130 Years of Baptist History in Idaho Falls

On June 5, 1882, Rebecca Mitchell stepped off the train in Eagle Rock.  After a few months of training at a denominational women’s school in Chicago, she came to the West under the umbrella of the American Baptist Home Missionary Society, today known as National Ministries.  As a determined, self-supporting Baptist missionary, she entered town with the motto:  “All things are possible to him that believeth” (Mark 9:23).  She commented about seeing no other Baptist pioneers around her, and then she declared her mission:

I found no church or church organization on this line of road from Ogden, Utah to Butte, Mont., a distance of four hundred miles.  Neither tree, nor grass, nor bird was to be seen on the streets but sand, sand, everywhere, but when the sandstorms came, it was beyond description.  My first work was a day and Sunday school, which I named Providence Mission, because by unexpected and unplanned journeys the Lord had transplanted me into this needy field.”

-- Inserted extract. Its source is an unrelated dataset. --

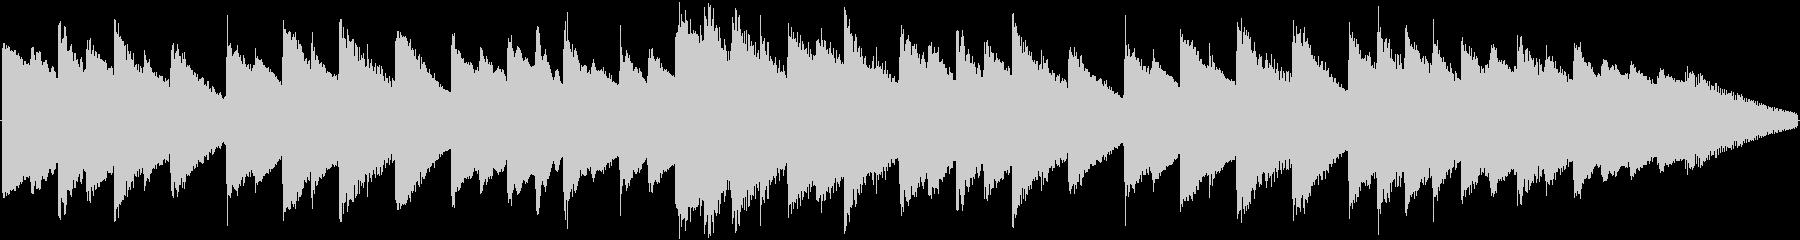 着信音などに使えるオルゴールBGMの未再生の波形

And so Baptist missions began.  Through the help of the Reverend Dwight Spencer  of New York, the Superintendent of Baptist Missions in the West, a little chapel [First Baptist Church] was dedicated in 1884.  With a joyful heart, Rebecca wrote, “It was the beginning of a new era in Snake River Valley when the bell rang out the hour of prayer.”

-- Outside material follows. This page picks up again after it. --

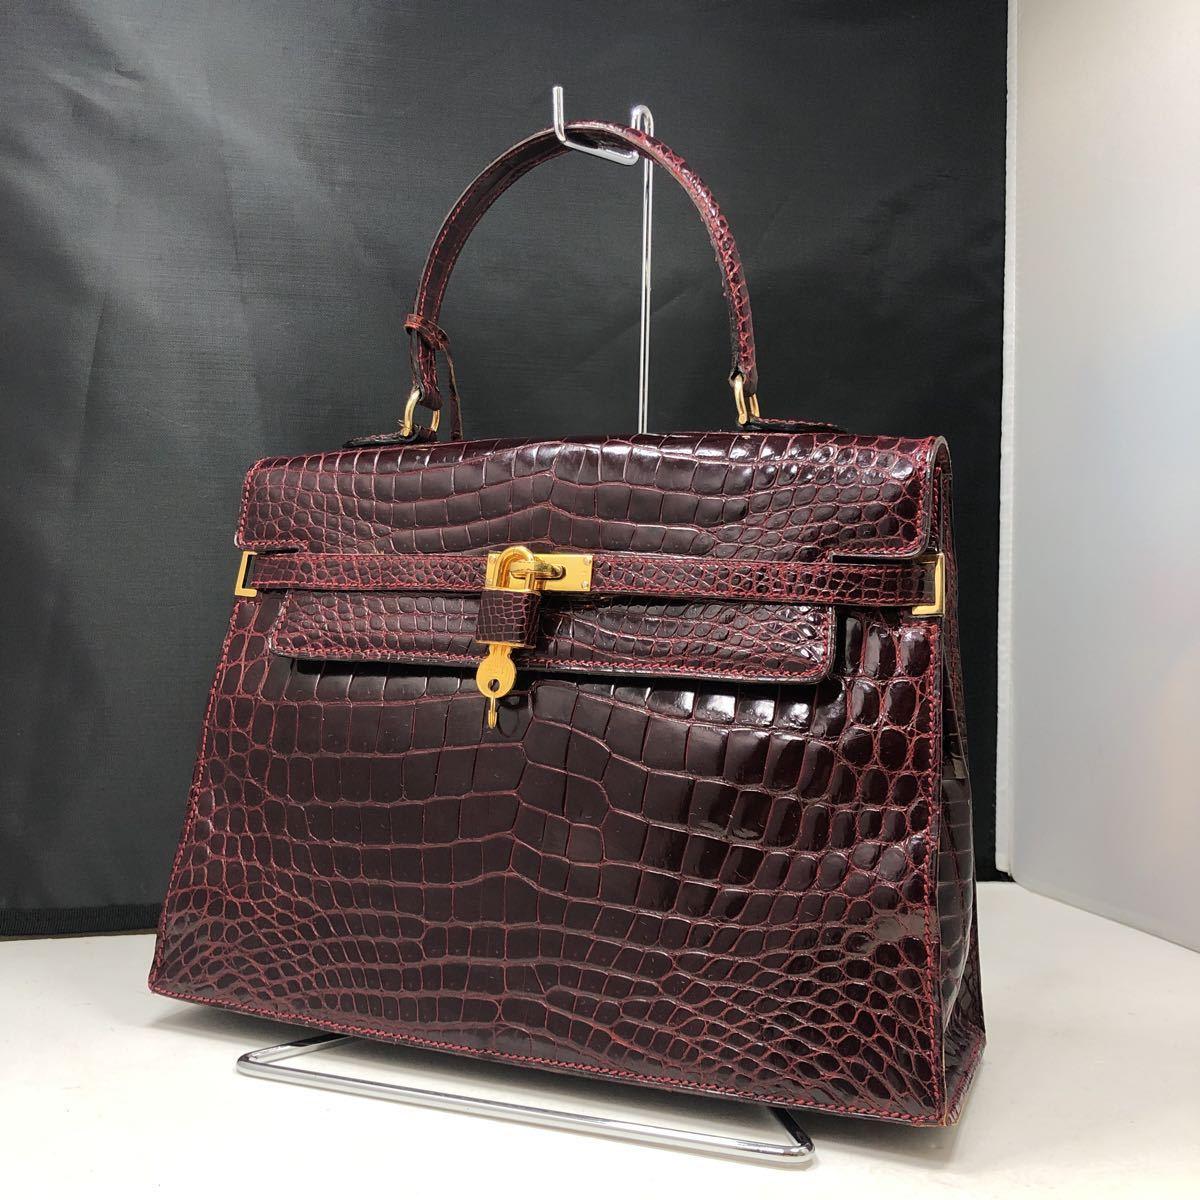 1円~ MORABITO モラビト スカラ 28cm クロコダイル ケリー型 ハンドバッグ

First Baptist Church happily ministered for 70 years in Idaho Falls before the birth of the Calvary Baptist congregation in Idaho Falls.  And the chain of Baptist churches and some of their missions outreach congregations in town followed something like this:  First Baptist Church (1884), Calvary Baptist Church (1954), Gethsemane Baptist Church (1958), Eagle Rock Baptist Church (1982), Liberty Missionary Baptist Church (1985), First Bible Baptist Church (1985), Mission Baptista Del Sur (1993), New Hope Community Fellowship (1994), Berean Baptist Church (1995), Falls Southern Baptist Church (1995), the Korean Church (1996), New Hope Anchor Fellowship (2002), and the Hispanic Baptist Church meeting at Gethsemane (2012).

How many of you have been marked by one of these local churches?  What stories could you tell me?  I would like to hear them.  Share with me any observations.  I am all ears.  Feel free to comment below.  Even your questions.  Or please email me at elonwood@juno.com.  I would like to learn all the ins and outs of this Baptist stream in town.

Some Baptist churches have disassembled, like First Baptist Church.  But we are thankful that the American Baptists are leasing the old building of First Baptist Church to Calvary Chapel Christian School for the Christian training of 6th-10th grade students (in the fall, including 11th grade).  So in a sense, the burden of the early Baptist missionary, Rebecca Mitchell, in teaching young people the ways of God long ago, lingers on today.  This upcoming Tuesday, June 5, 2012, marks 130 years of Baptist ministry to the King.  Sola de gloria.


  1. On October 31, 1989 I walked down the aisle of Calvary Baptist Church to the strains of “Just As I Am”. I remember my father holding my hand as I looked up at a big teddy bear of a man, Herb Stoneman, and told him that I wanted to become a Christian.

    In the years that followed, Herb was a real role model to me. I remember thinking that he looked exactly like a Christian ought to look and dreamt of growing into an adult who shared all of his evangelistic zeal. Much of my experience with missions came from our adventures together and, today, I have the privilege of passing on what I learned from him to the next generation of evangelists.

    I can think of several others there who have also left an indelible print upon my life as well – a few Sunday School teachers who took the time to cultivate my passion and one who taught me faithfully, despite my being the only student in his class. All of them left a mark.